The respondent appears to place considerable importance on the evidence that soon after the sale the appellant and his wife went on trips to Expo in 1967 and to New Zealand in the ensuing winter months, and bought a home at Kamloops. I think that the trips were belated holiday trips probably made possible by the money from the sale, and that they were made at a convenient season of the year when the retained portion did not need the presence or attention of the appellant. Many farmers absent themselves from their farms during the winter months. Many live all year elsewhere than on their farms. Before going on the trips the appellant commenced his slashing and clearing of the retained portion and he continued his activities on it when the coming of spring made it feasible to do so.
The respondent also contends that for the whole of the period in question there was a hiatus in the farming and ranching operations of the appellant, and that his activities were, at the most, preliminary to and in preparation for future use of the retained portion. If possession of cattle, cultivation of the soil, or raising farm products was necessary in the period in question in order that the appellant’s activities could be considered as coming within the embrace of ‘‘farming’’, the contention would be valid, for, admittedly, the appellant did not have cattle and did not cultivate the soil or have farm produce in that period and his activities were on a much smaller scale than that which his previous operation of the whole ranch demanded. But the 117 acres portion had been used in that cattle operation and, as I view the situation, the appellant retained that portion and conducted activities on it, limited in extent and degree though they were, as a continuation of his ranching, without the hiatus that the respondent says took place. In reaching that conclusion I am treating the slashing and clearing of the retained portion as “farming” within the meaning of the Act, even although it did not produce revenues immediately, just as it would, I think, have been part of a farming operation if it had been done before the 117 acres were separated in ownership by the sale. The definition of ‘‘farming’’ in Section 139(1) (p) includes certain named activities, but it is not an exhaustive definition, and, as used in Section 18 the term is a comprehensive one and, as understood in rural Canada, includes, in addition to cultivation of the soil and growing of crops, such things as clearing the land, slashing and burning brush and trees, removing stones and other activities on the farm property in the course of its use as a farm. In short, I consider that the appellant continued his farming activity, and the difference between his activities in the period in question and his former activities on the Clinton property was in degree rather than in kind. Some of his work, such as building the cabin, was of a capital nature, but, apart from that, if what the appellant did on the retained portion in the period in question was ‘‘farming’’ he is entitled to the benefit of Section 13 of the Act.

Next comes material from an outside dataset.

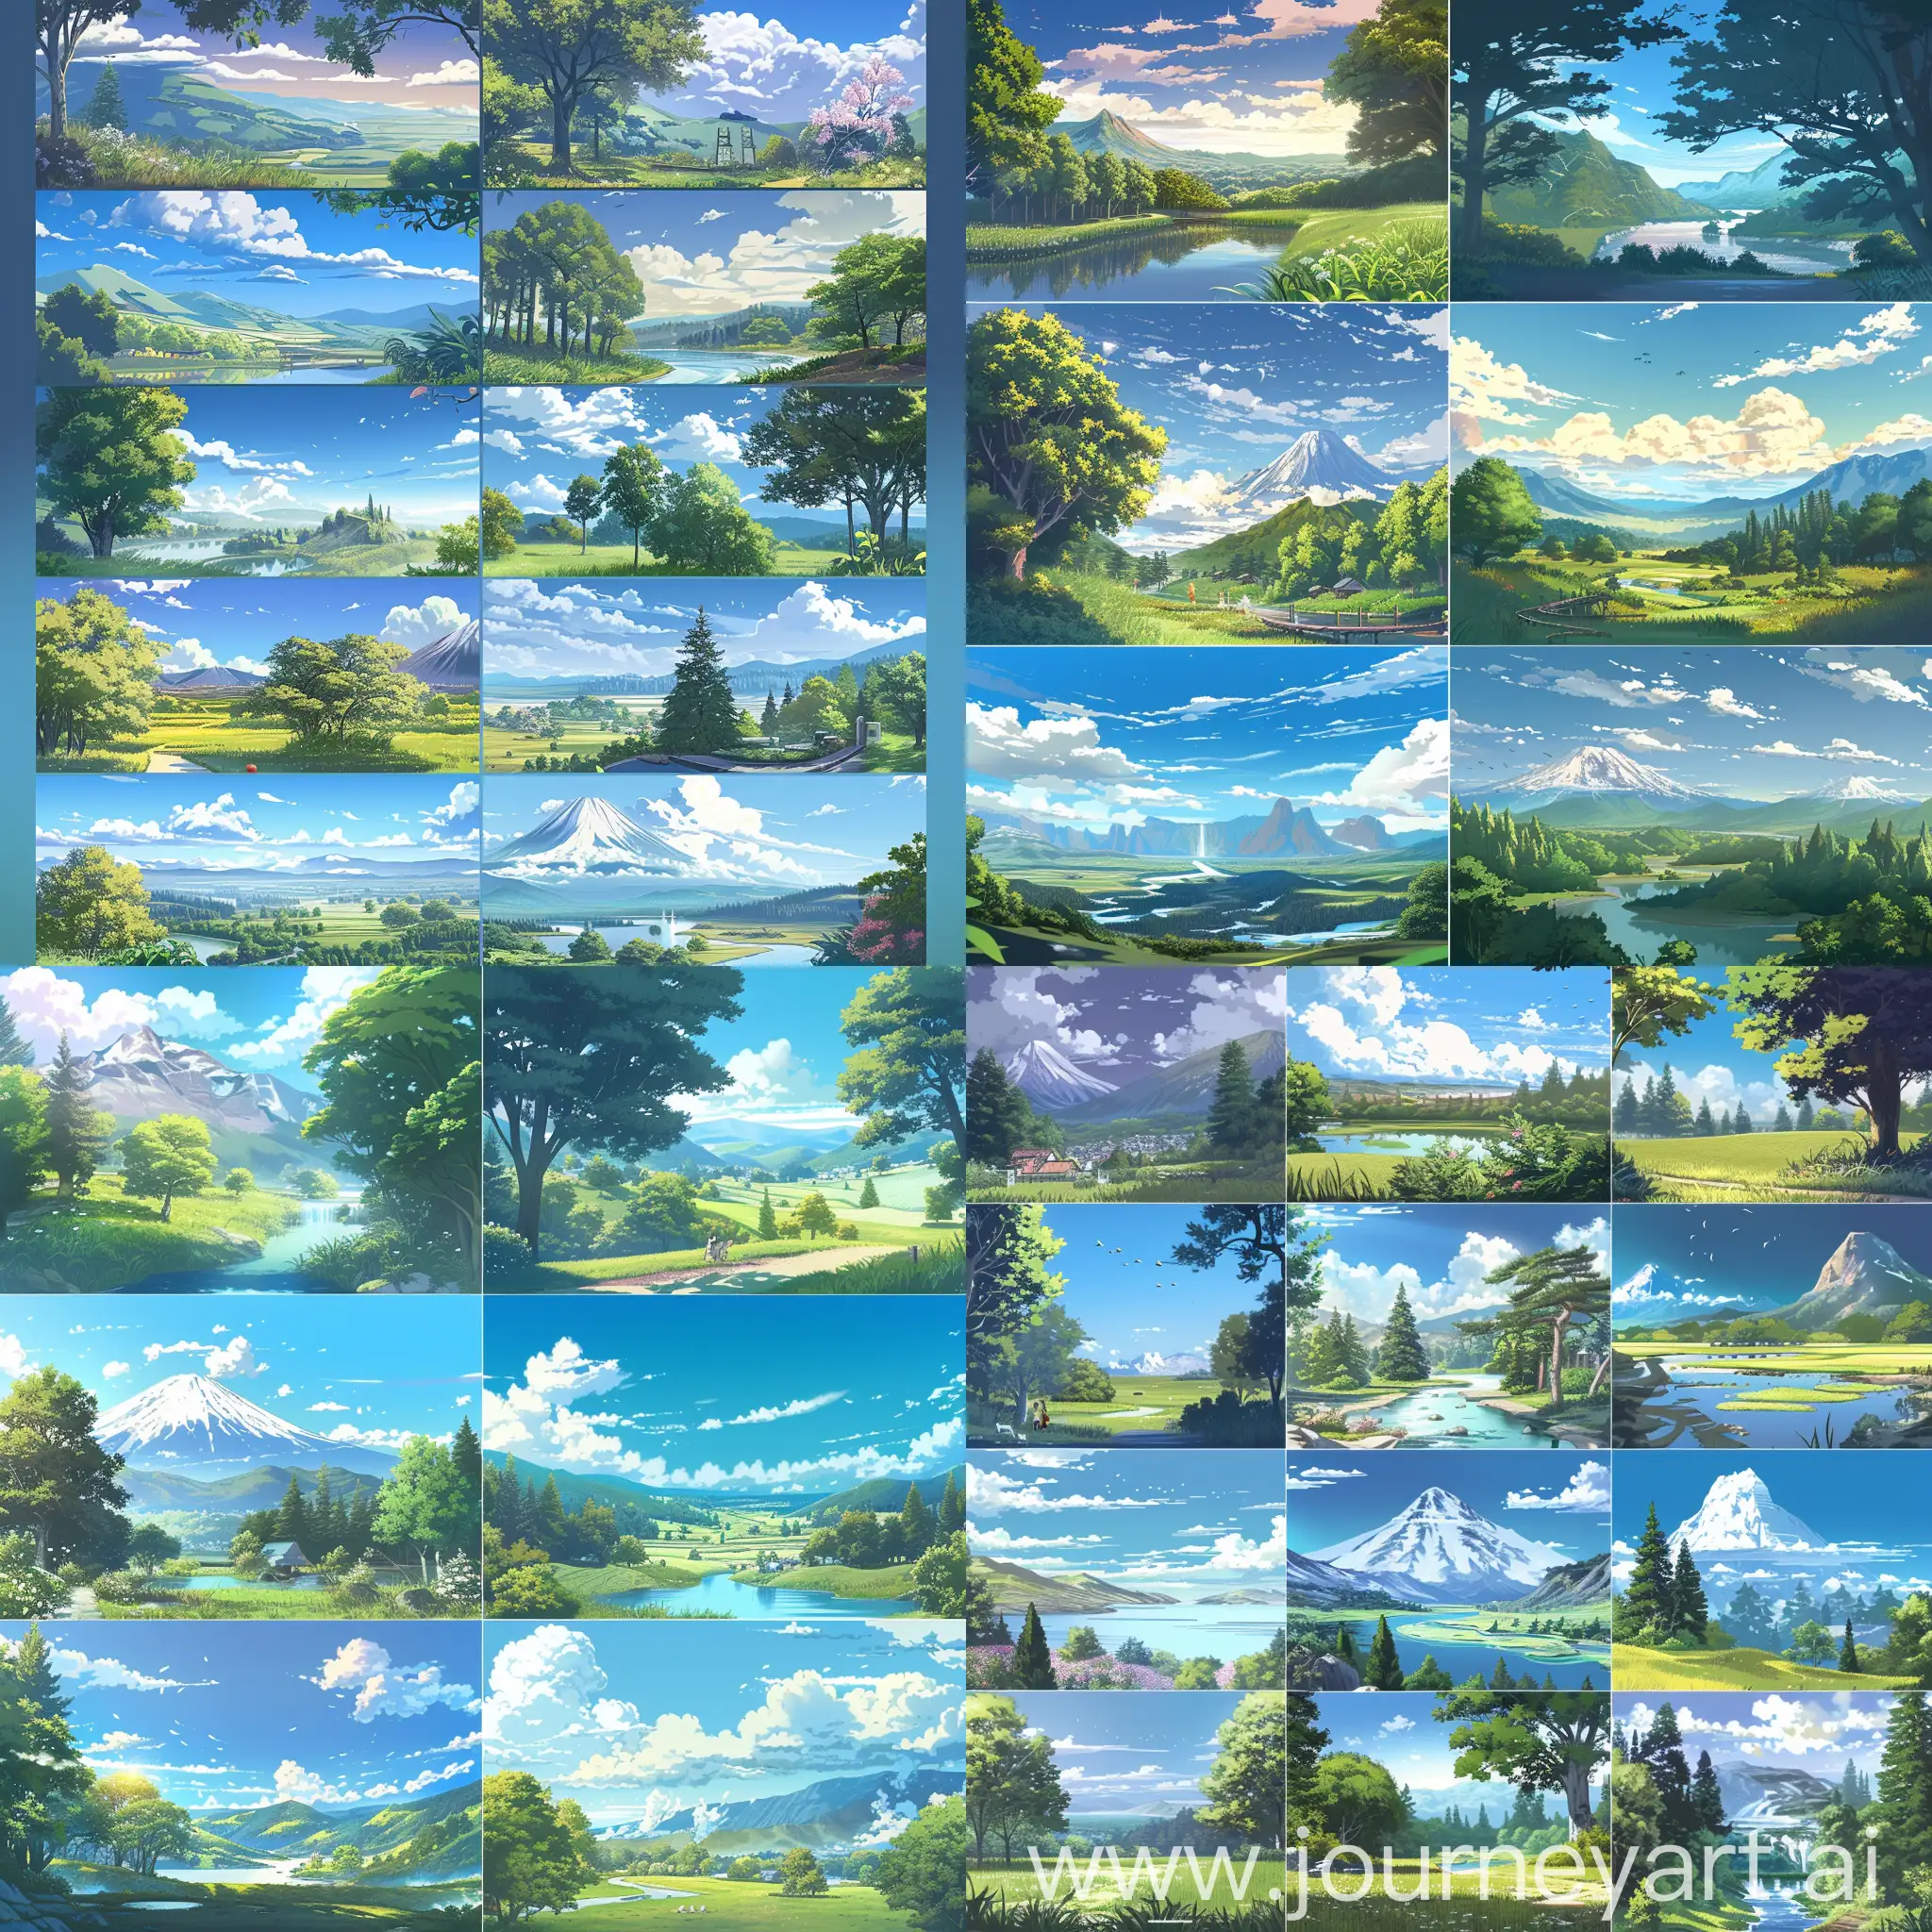 Tranquil-Anime-Scenery-Serene-Nature-Landscapes-Inspired-by-Makoto-Shinkai

The appeal is allowed and the assessments for the appellant’s 1967 and 1968 taxation years will be referred back to the respondent for re-assessment on the basis that following the sale of a portion of his land in the Clinton area in June 1967 the appellant continued farming for profit during the remainder of 1967 and 1968 on the 117 acres that he retained.
The appellant will be entitled to be paid by the respondent his costs of the appeal, to be taxed.